■ HOW TO COMPLETE THIS TASK: Since the pictures are not wanted, retype the listing below exactly and without them.

■ DATA EXCERPT:

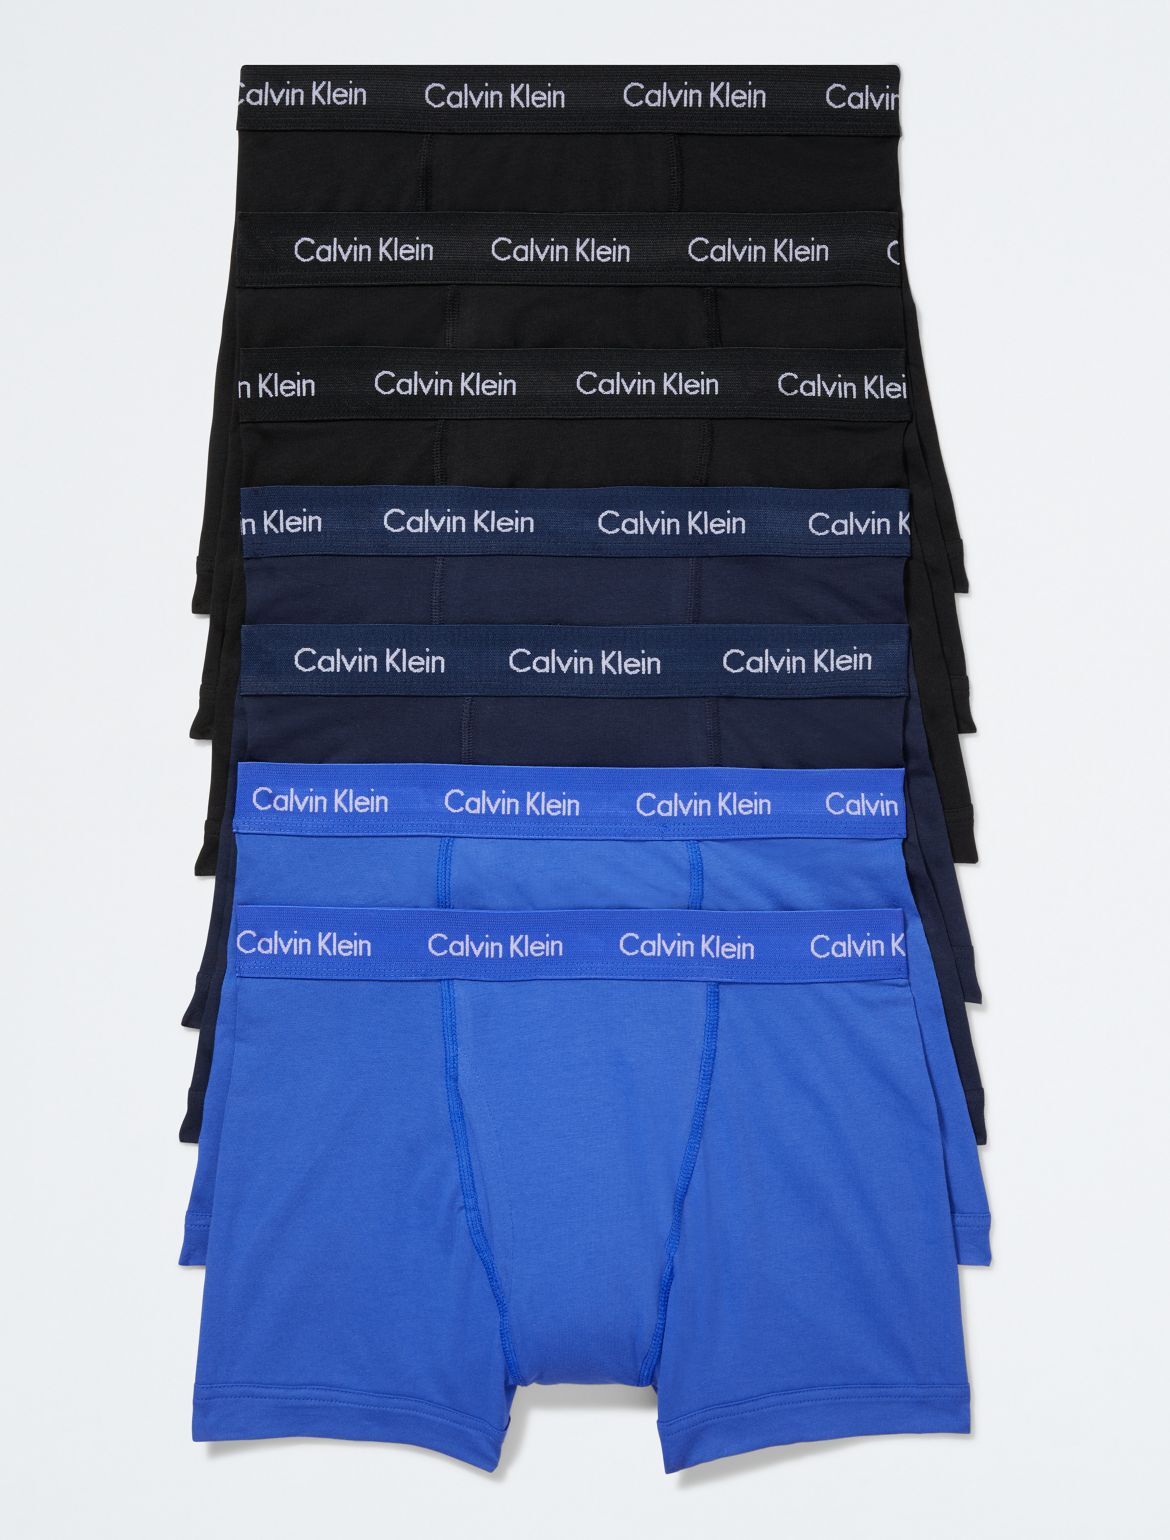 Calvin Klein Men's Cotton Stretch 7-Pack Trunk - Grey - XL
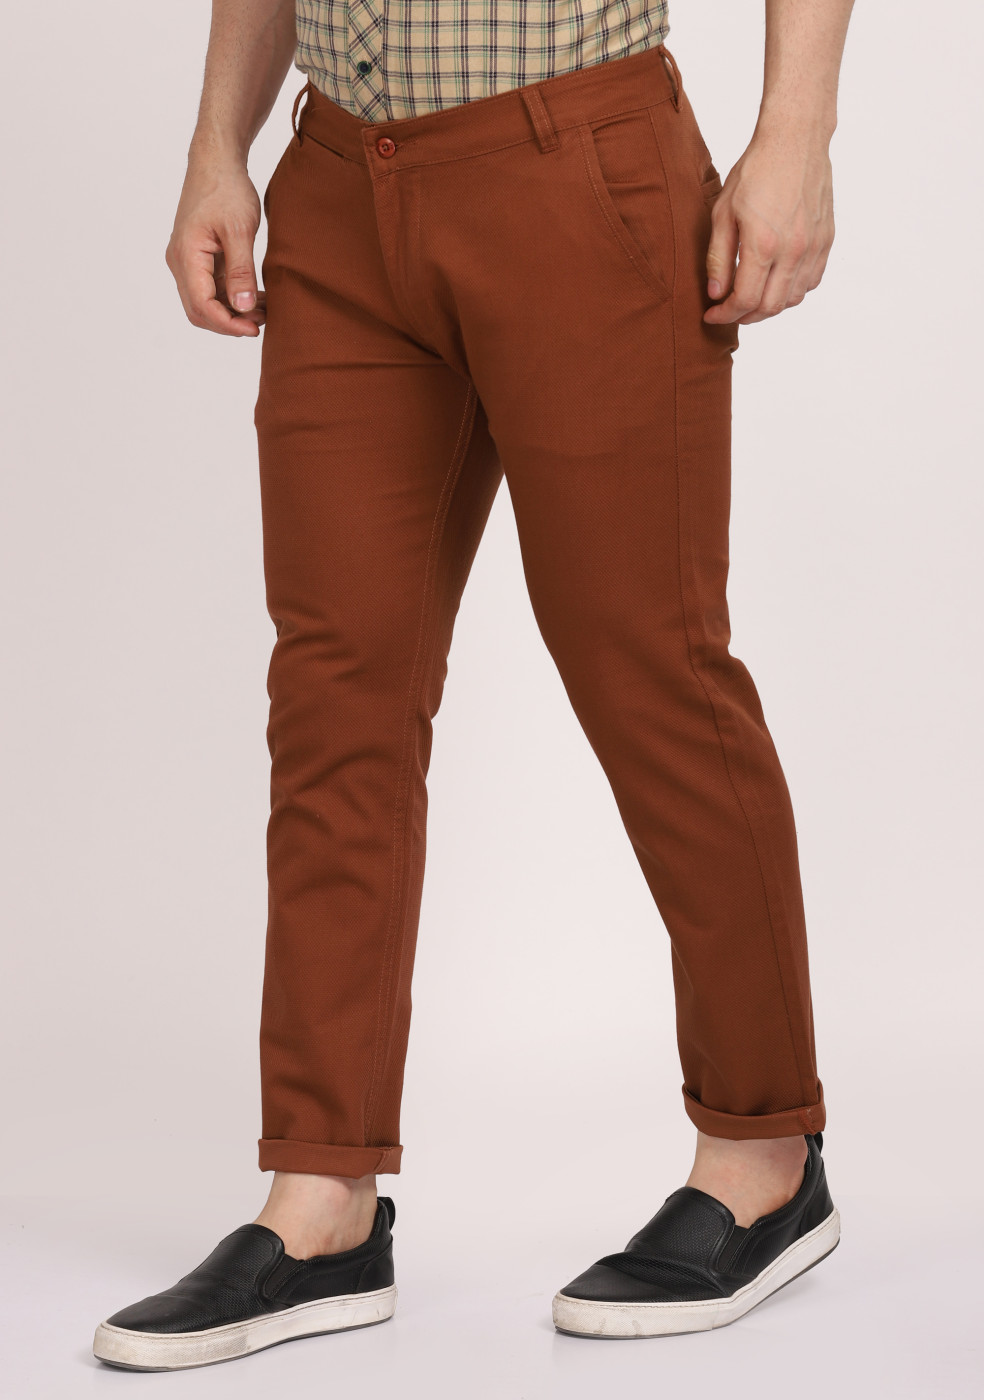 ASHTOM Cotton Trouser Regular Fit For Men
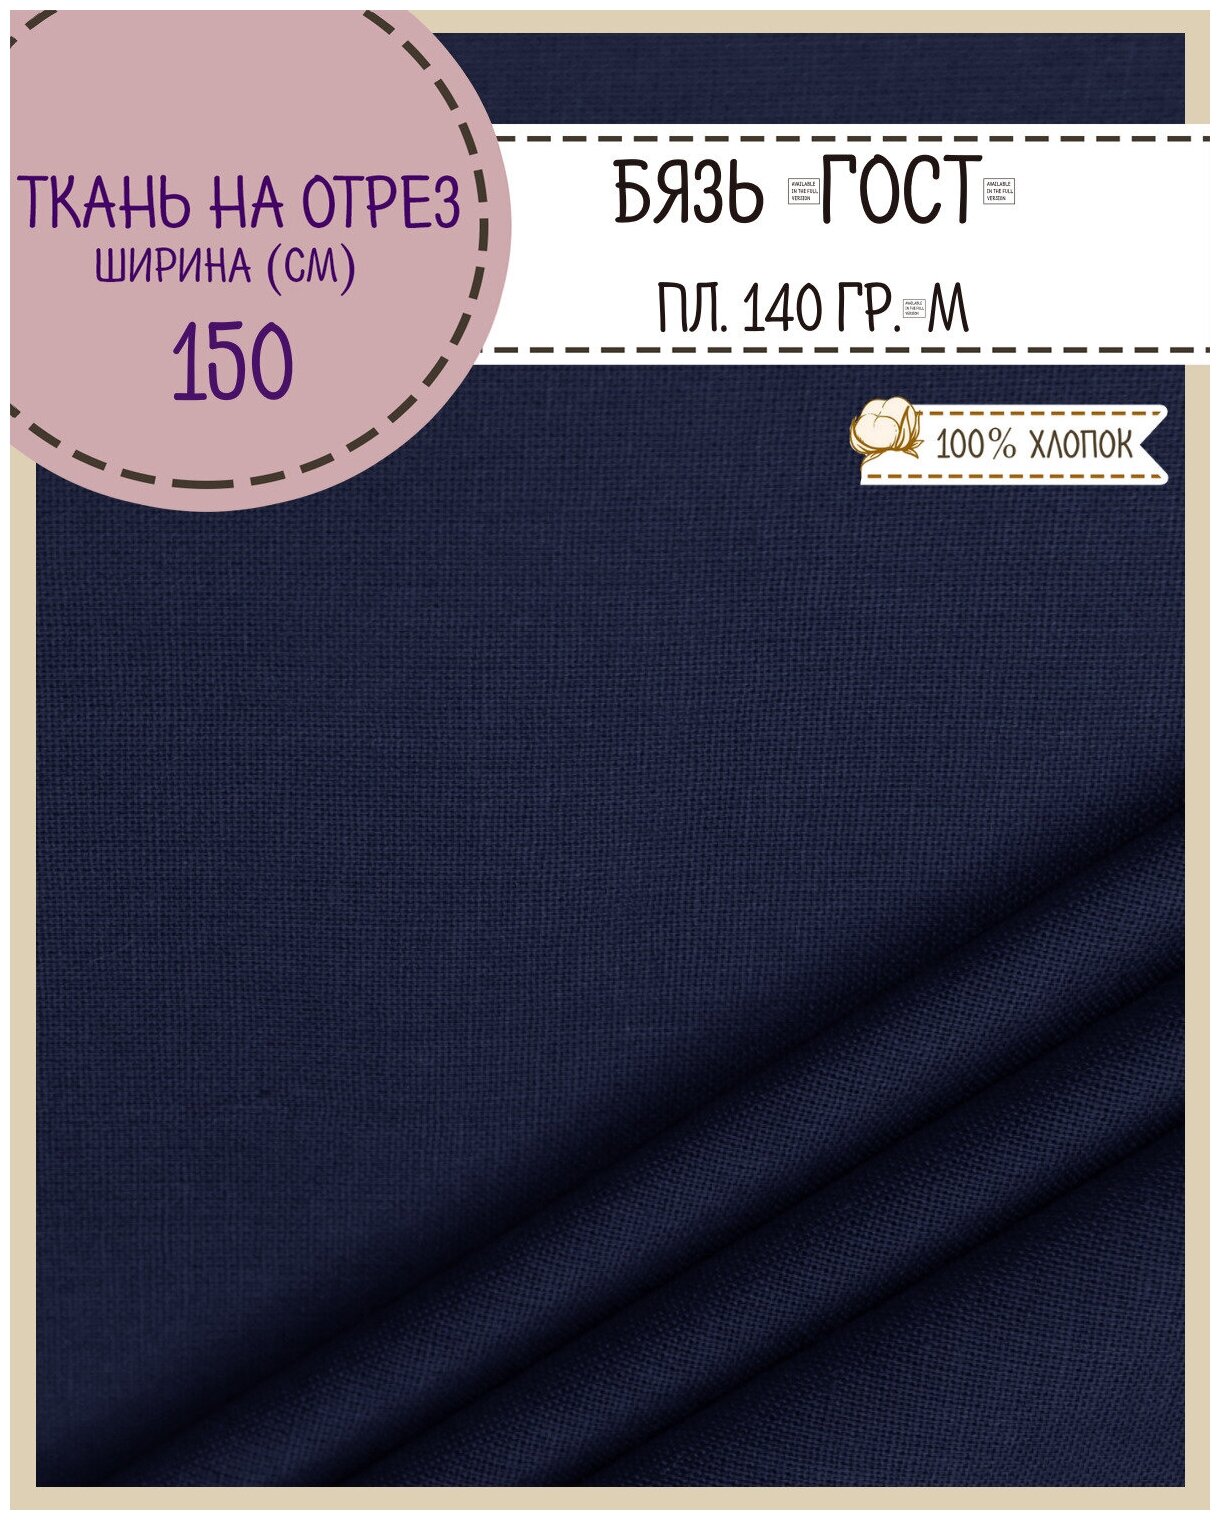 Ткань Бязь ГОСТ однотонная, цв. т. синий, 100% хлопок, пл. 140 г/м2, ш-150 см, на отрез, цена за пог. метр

■ EXERCISE RESPONSE:
 Calvin Klein Men's Cotton Stretch 7-Pack Trunk - Grey - XL
 ASHTOM Cotton Trouser Regular Fit For Men
 Ткань Бязь ГОСТ однотонная, цв. т. синий, 100% хлопок, пл. 140 г/м2, ш-150 см, на отрез, цена за пог. метр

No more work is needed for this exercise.